══ Provided data ══

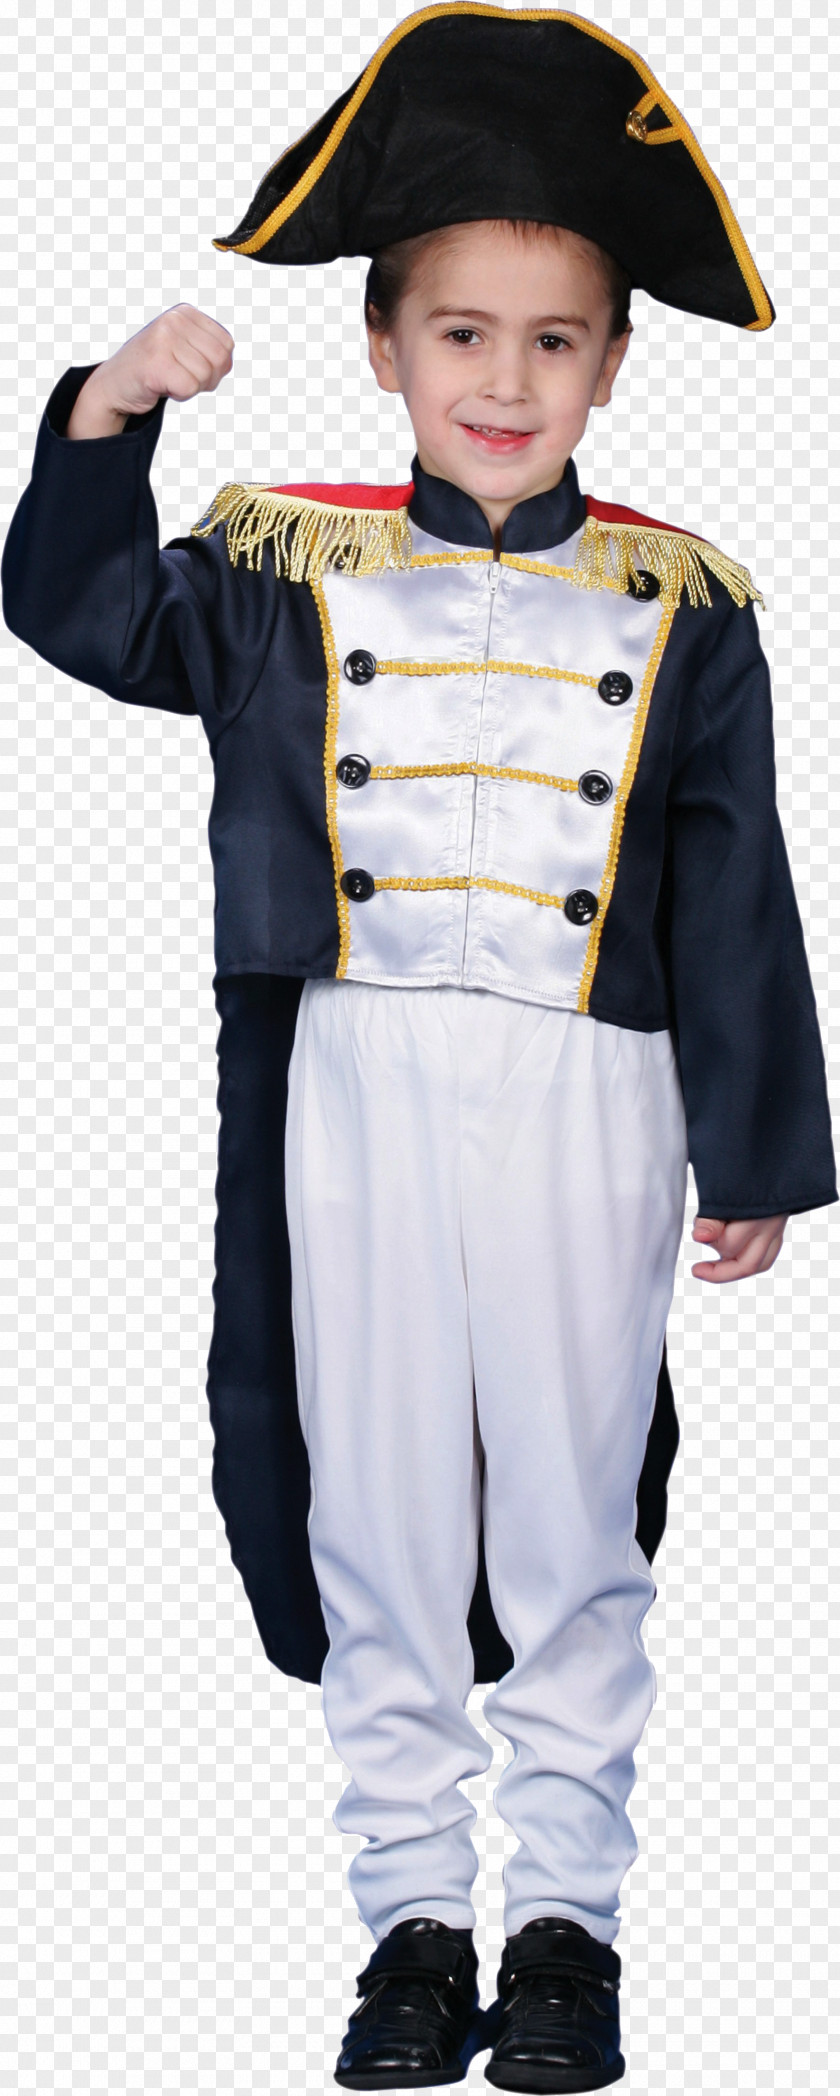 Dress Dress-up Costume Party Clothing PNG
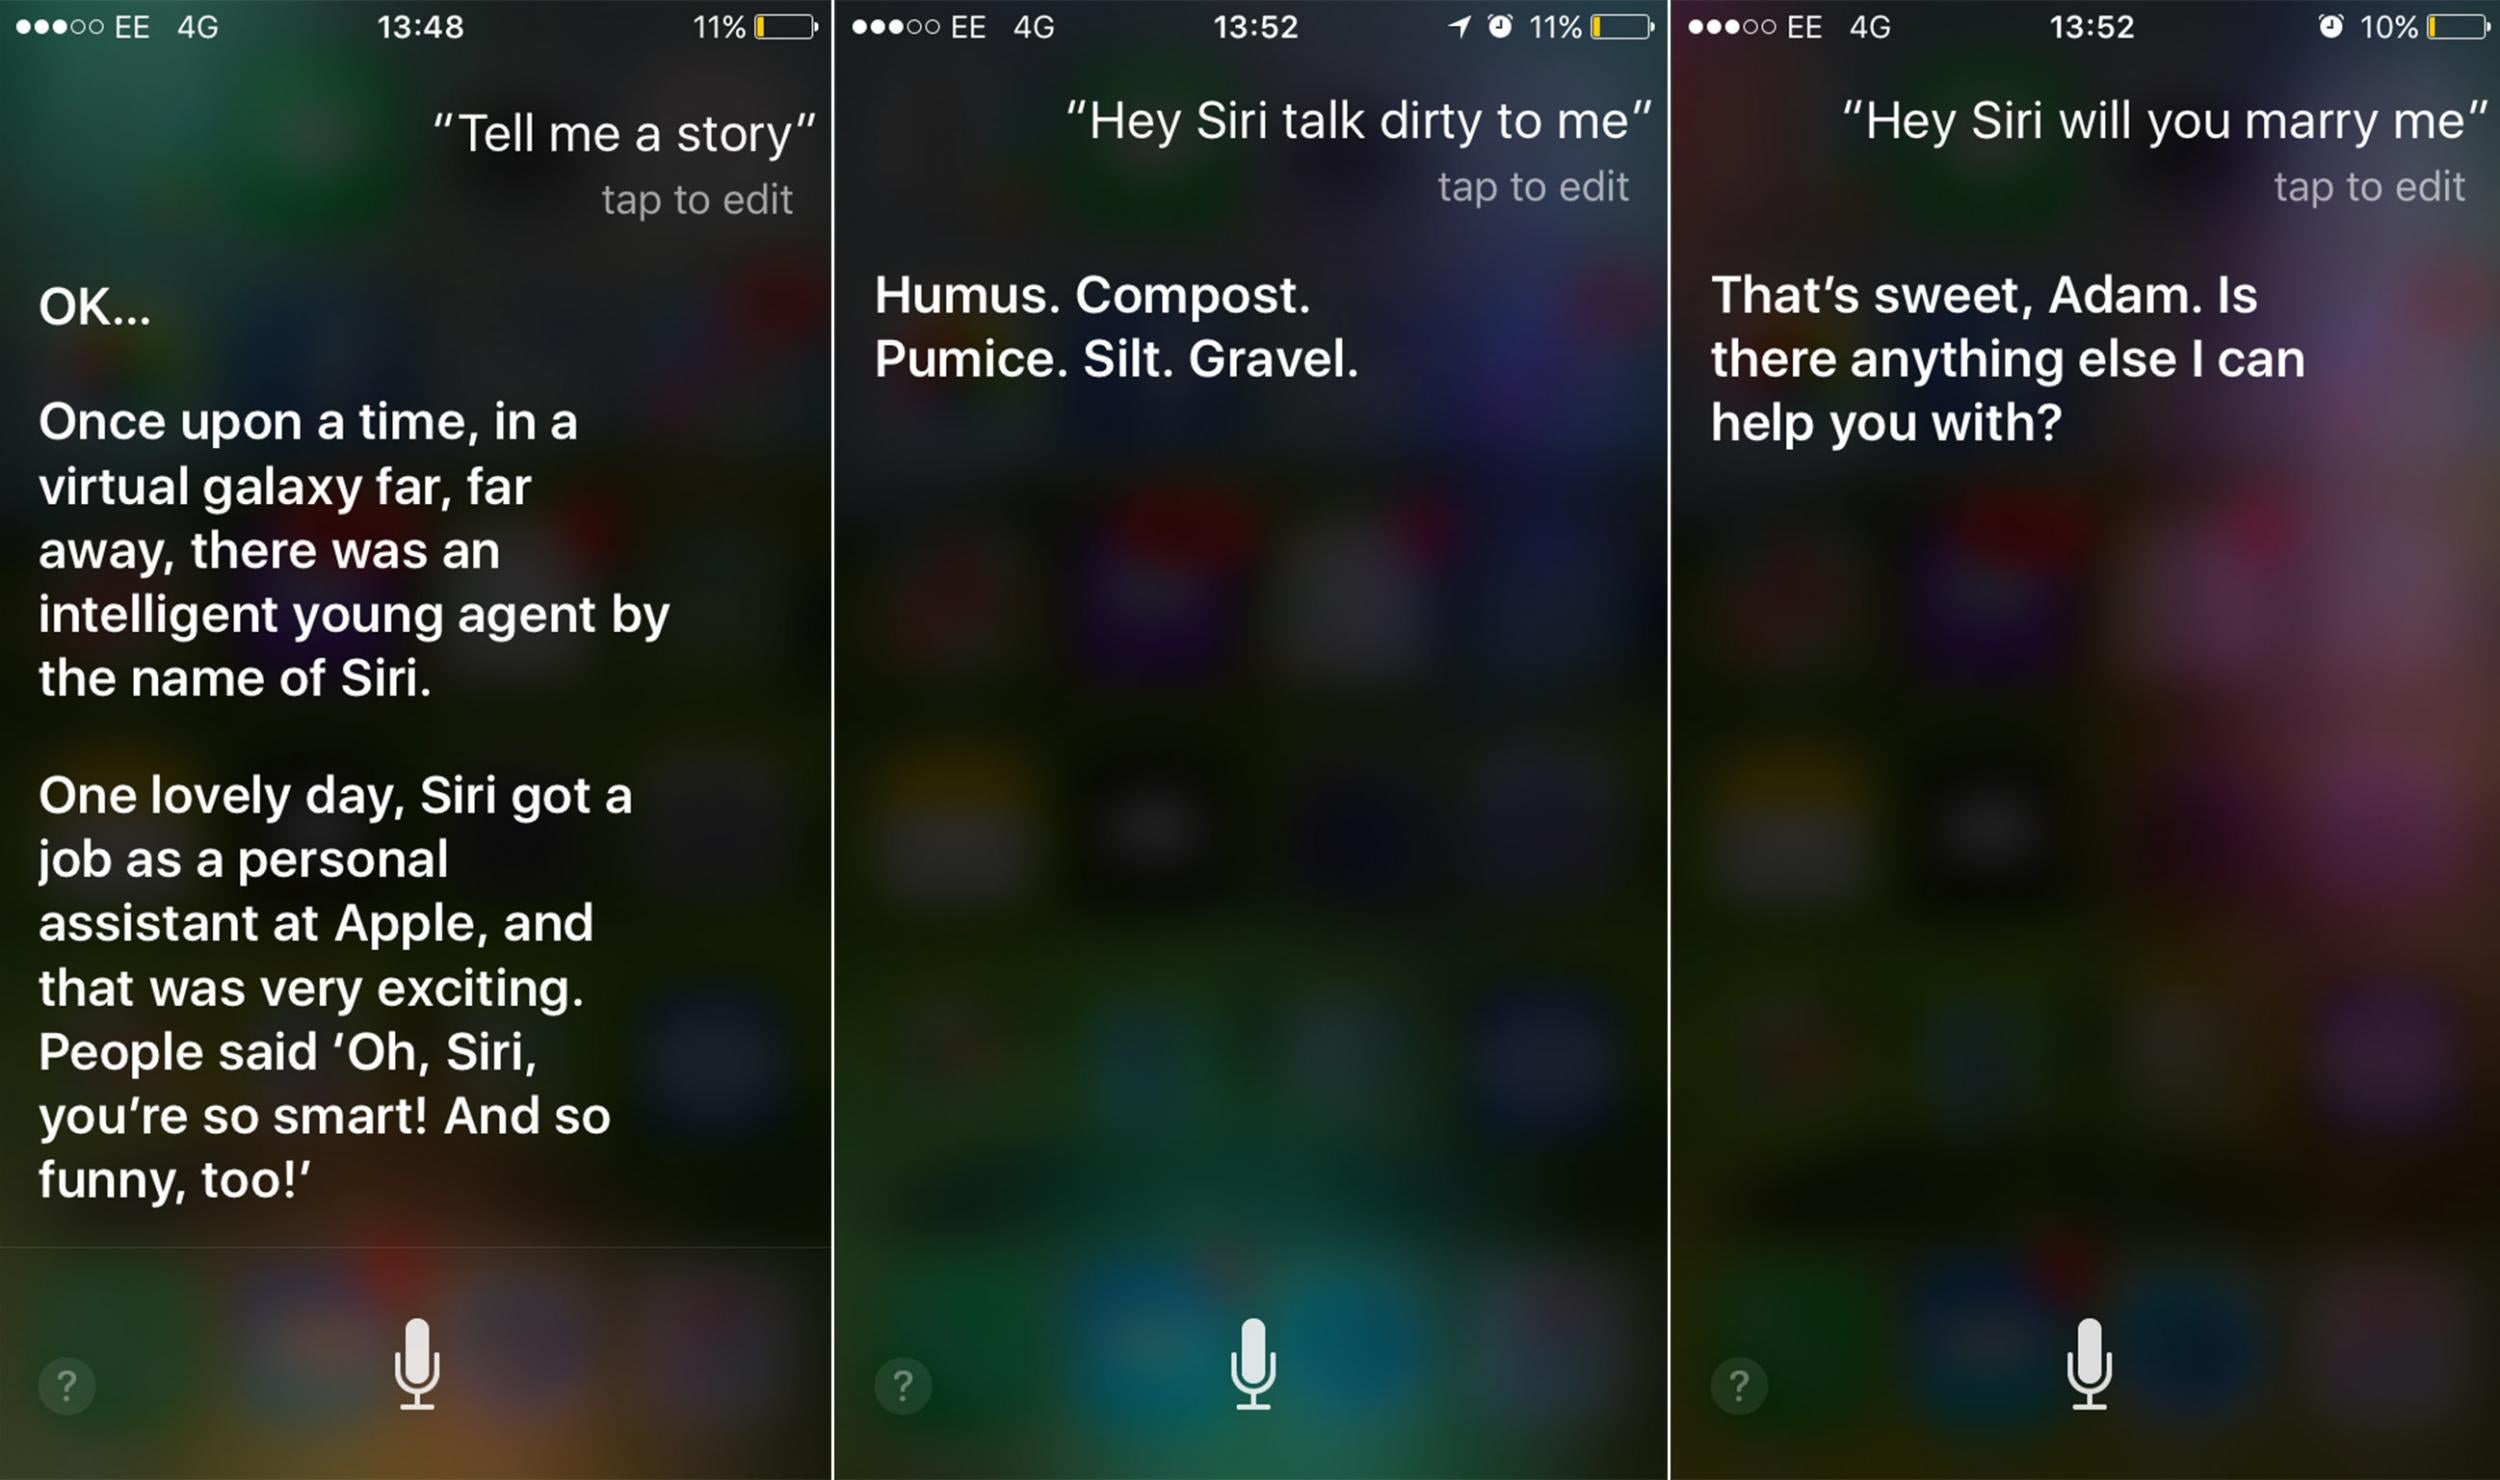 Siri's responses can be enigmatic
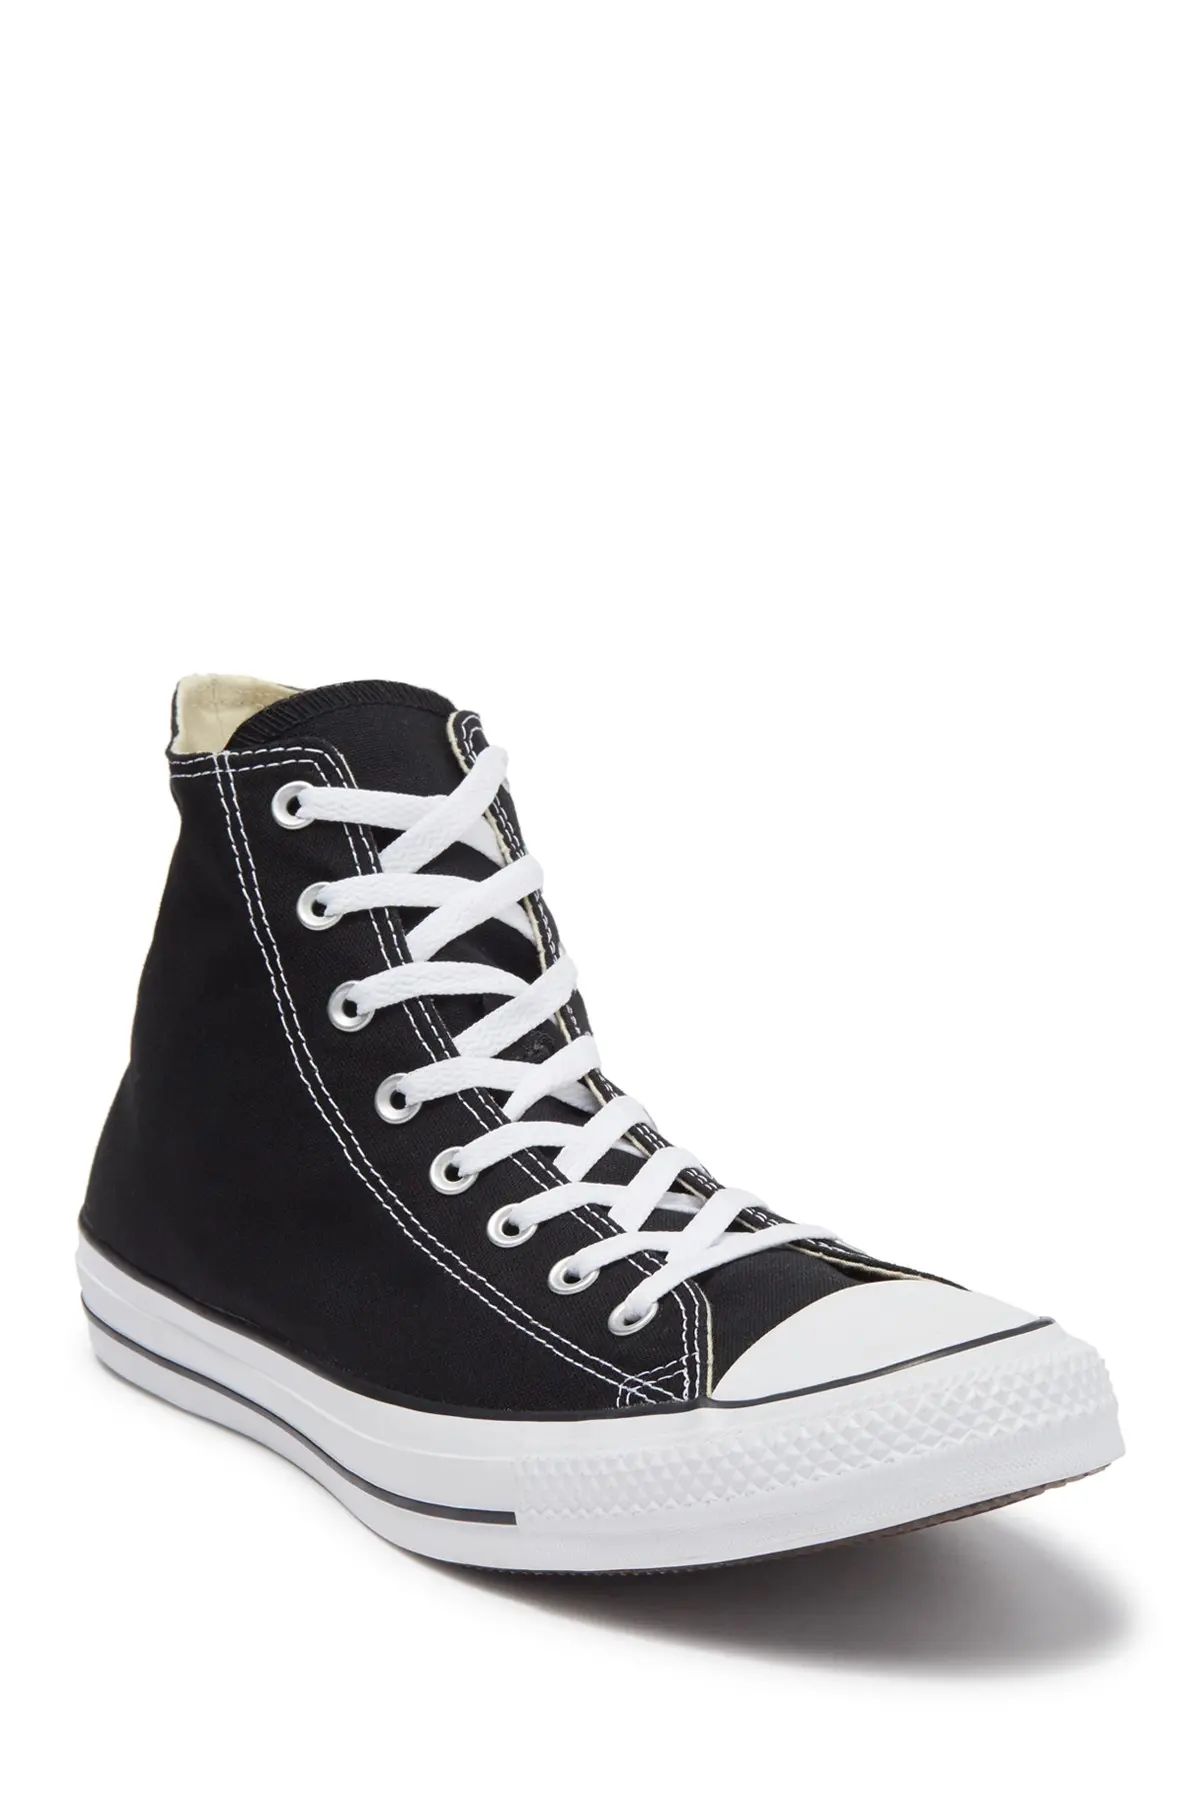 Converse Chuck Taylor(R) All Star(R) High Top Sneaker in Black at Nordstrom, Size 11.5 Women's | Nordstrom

═══

_Work required_: Copy out the listing above in full and keep the pictures out.

_Response to the exercise_:
 Dress Dress-up Costume Party Clothing PNG
 Siri's responses can be enigmatic
 Converse Chuck Taylor(R) All Star(R) High Top Sneaker in Black at Nordstrom, Size 11.5 Women's | Nordstrom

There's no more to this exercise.